昭和27年、帆装が再設置され、本来の実習航海に復帰した。その後昭和59年の退役までに90万海里を航走し、延べ11500名の実習生を育てた。
現在は横浜市みなとみらい21地区の日本丸メモリアルパーク内にある横浜船渠第一号ドックに係留保存されている。
また、本船は帆船ながら帆装を取り外していた時期が長く、現役の期間も大変長かったことから、本船の主機の稼働時間54年2月20日4時間7分は、舶用エンジン最長としてギネスブックに登録されている。

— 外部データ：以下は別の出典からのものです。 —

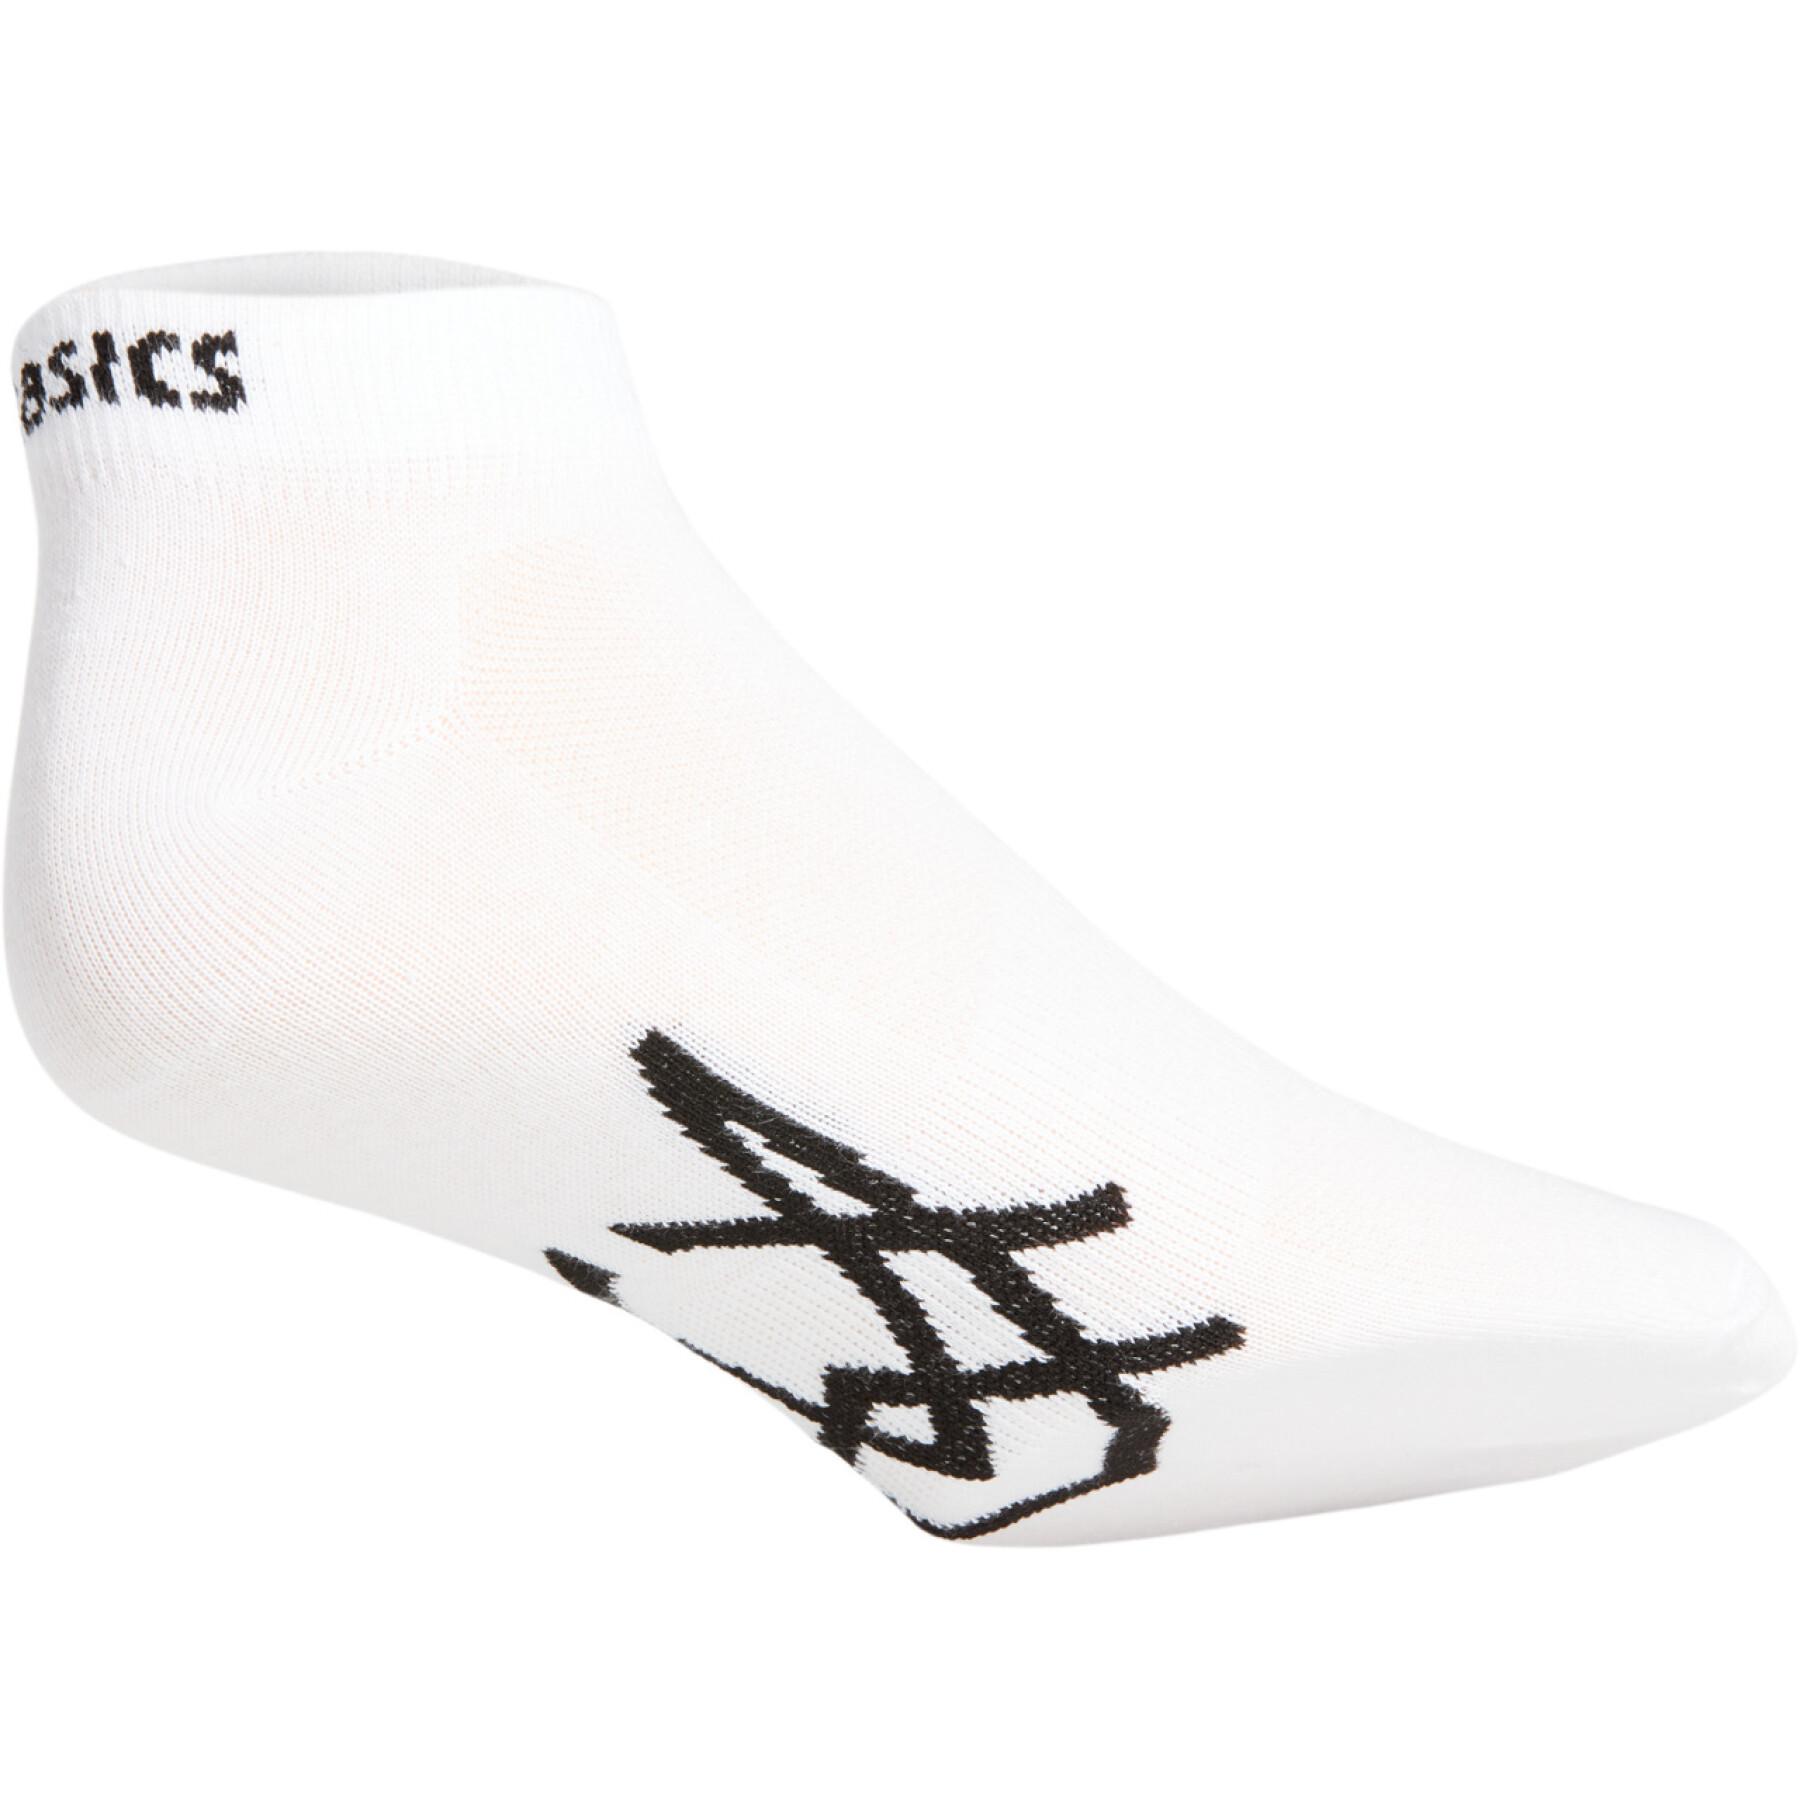 Socks Asics Sport Ped (3 paires)

「大決戦!超ウルトラ8兄弟」のラストでは帆をソーラーパネルに改造し、反重力システムとワープ航行を搭載した宇宙船として登場TDG三部作のメンバーを乗せてウルトラの星に旅立った。随行するのは昭和ウルトラメンバーの乗り込むジェットビートル、ウルトラホーク1号、MATアロー、タックスペースの4機であり、こちらもワープ機能が搭載されている。
日本丸Ⅱ世
初代の老朽化に伴い、昭和59年に建造された大型練習帆船。帆走性能を大幅に向上させ、世界有数の高速帆船として名を連ねている。そもそも帆船による航海実習自体が世界的に下火になりつつあり、国費で大型帆船を建造することが少なくなったことから、全長は世界最大の帆船「エスメラルダ」にわずかに3メートルを譲る二番手でもある。
また、可能な限りの居住性の向上も図られ、
- 女子実習生居住区の設置
- 実習生の体格の大型化に対応し、ボンク(寝台)の全長を20㎝延長して2mとした
- 造水能力の向上により船内で洗濯機の使用が可能に
- 全体に空調設備を完備
などの改善が行われた。
現在も現役にあるものの、既に船齢33を数え、海技教育機構の練習船では最高齢となった。それにともない先代ほど深刻なものではないにしろ、各所に老朽化を生じている。帆船の建造には多額の費用がかかることと、前述の通り世界的に帆船による実習が行われなくなりつつあることから、代船の計画は現時点では全くない。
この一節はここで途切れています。